Book Value per share$44.53  $42.51 
        
        

First Quarter Financial Data

  • Assets under management ended the quarter at $1.50 billion versus $1.27 billion at March 31, 2025. 
  • Book value was $44.53 per share at March 31, 2026 versus $42.51 per share at March 31, 2025. 

First Quarter Results

Total revenues in the first quarter were $2.5 million compared to $2.1 million in the first quarter of 2025. Revenues generated by the GAMCO International SICAV – GAMCO Merger Arbitrage (the “SICAV”) were $1.3 million versus $0.9 million in the prior year period due to higher average AUM in 2026. All other revenues were $1.2 million in both periods.

Total operating expenses, excluding management fee, were $6.6 million in the first quarter of 2026 and $6.3 million in the first quarter of 2025. The increase is driven primarily by higher variable-based marketing expenses on the SICAV of $0.1 million in the 2026 quarter.

Net investment and other non-operating income was $3.2 million for the first quarter of 2026 compared to $15.8 million in the first quarter of 2025. The primary driver of the 2026 quarter's results was our merger arbitrage partnerships and interest income. The year ago quarter’s result also reflects unrealized appreciation on certain investments.

No management fee expense was incurred in the first quarter of 2026 due to a loss in the period. For the quarter ended March 31, 2025, management fee expense was $1.1 million.

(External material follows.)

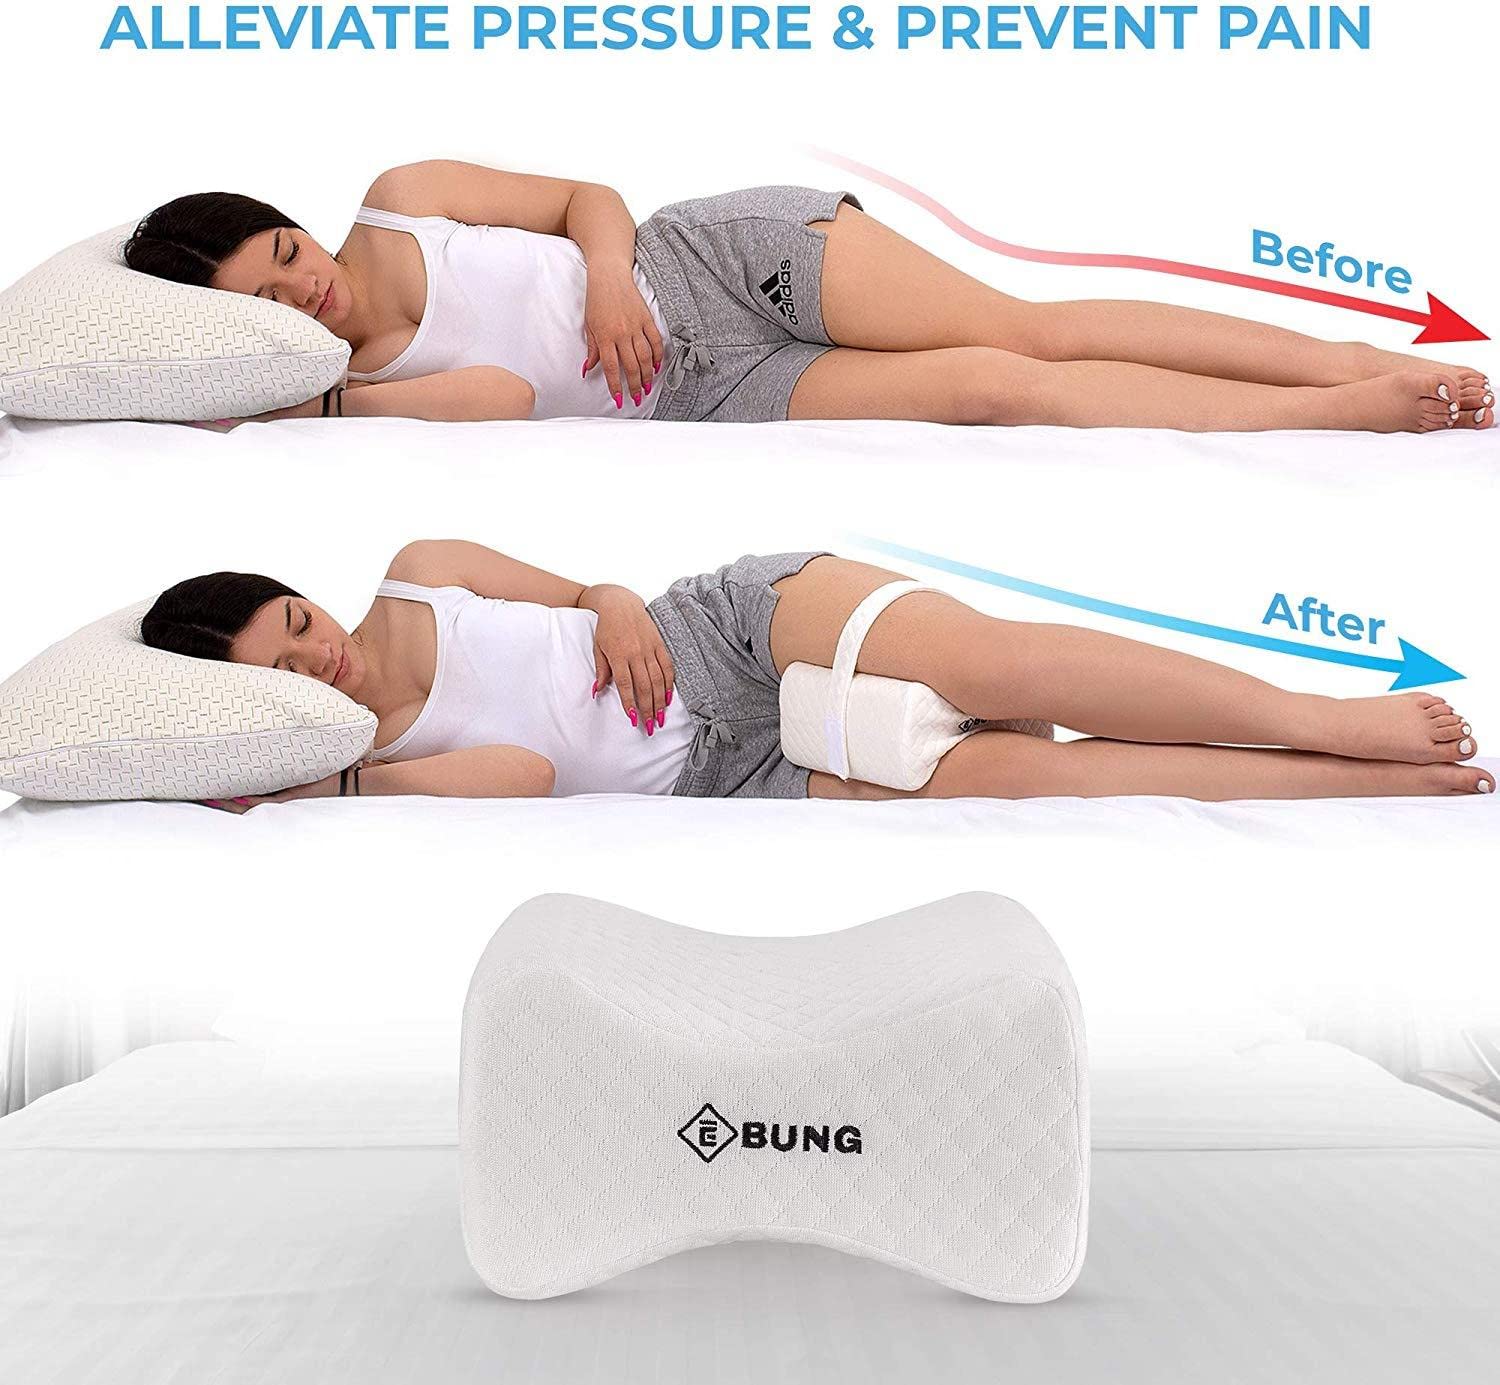 Knee Pillow with Adjustable and Removable Strap for Hip, Back, Leg, Knee Pain Relief -Leg Pillow- Ideal for Side Sleepers, Pregnancy and Spine Alignment Memory Foam Wedge Contour with Washable Cover  - Like New

The effective tax rate applied to our pre-tax loss for the quarter ended March 31, 2026 was -8.3%, resulting in an income tax expense of $0.1 million. In the year ago quarter, the effective tax rate applied to our pre-tax income was 26.3%, which resulted in an income tax expense of $2.8 million.

Assets Under Management (AUM)

Assets under management at March 31, 2026 were $1.50 billion, $21 million higher than year-end 2025 primarily due to investor inflows of $19 million. 

 March 31,  December 31,  March 31, 
 2026  2025  2025 
($ in millions)           
Merger Arbitrage(a)$1,174  $1,156  $1,012 
Long/Short Value(b) 293   289   221 
Other 36   37   36 
Total AUM$1,503  $1,482  $1,269 
            

(a) Includes $546, $527, and $401 of sub-advisory AUM related to GAMCO International SICAV - GAMCO Merger Arbitrage, $72, $73, and $70 of sub-advisory AUM related to Gabelli Merchant Partners Plc (f/k/a Gabelli Merger Plus+ Trust Plc), respectively.
(b) Assets under management represent the assets invested in this strategy that are attributable to Associated Capital Group, Inc.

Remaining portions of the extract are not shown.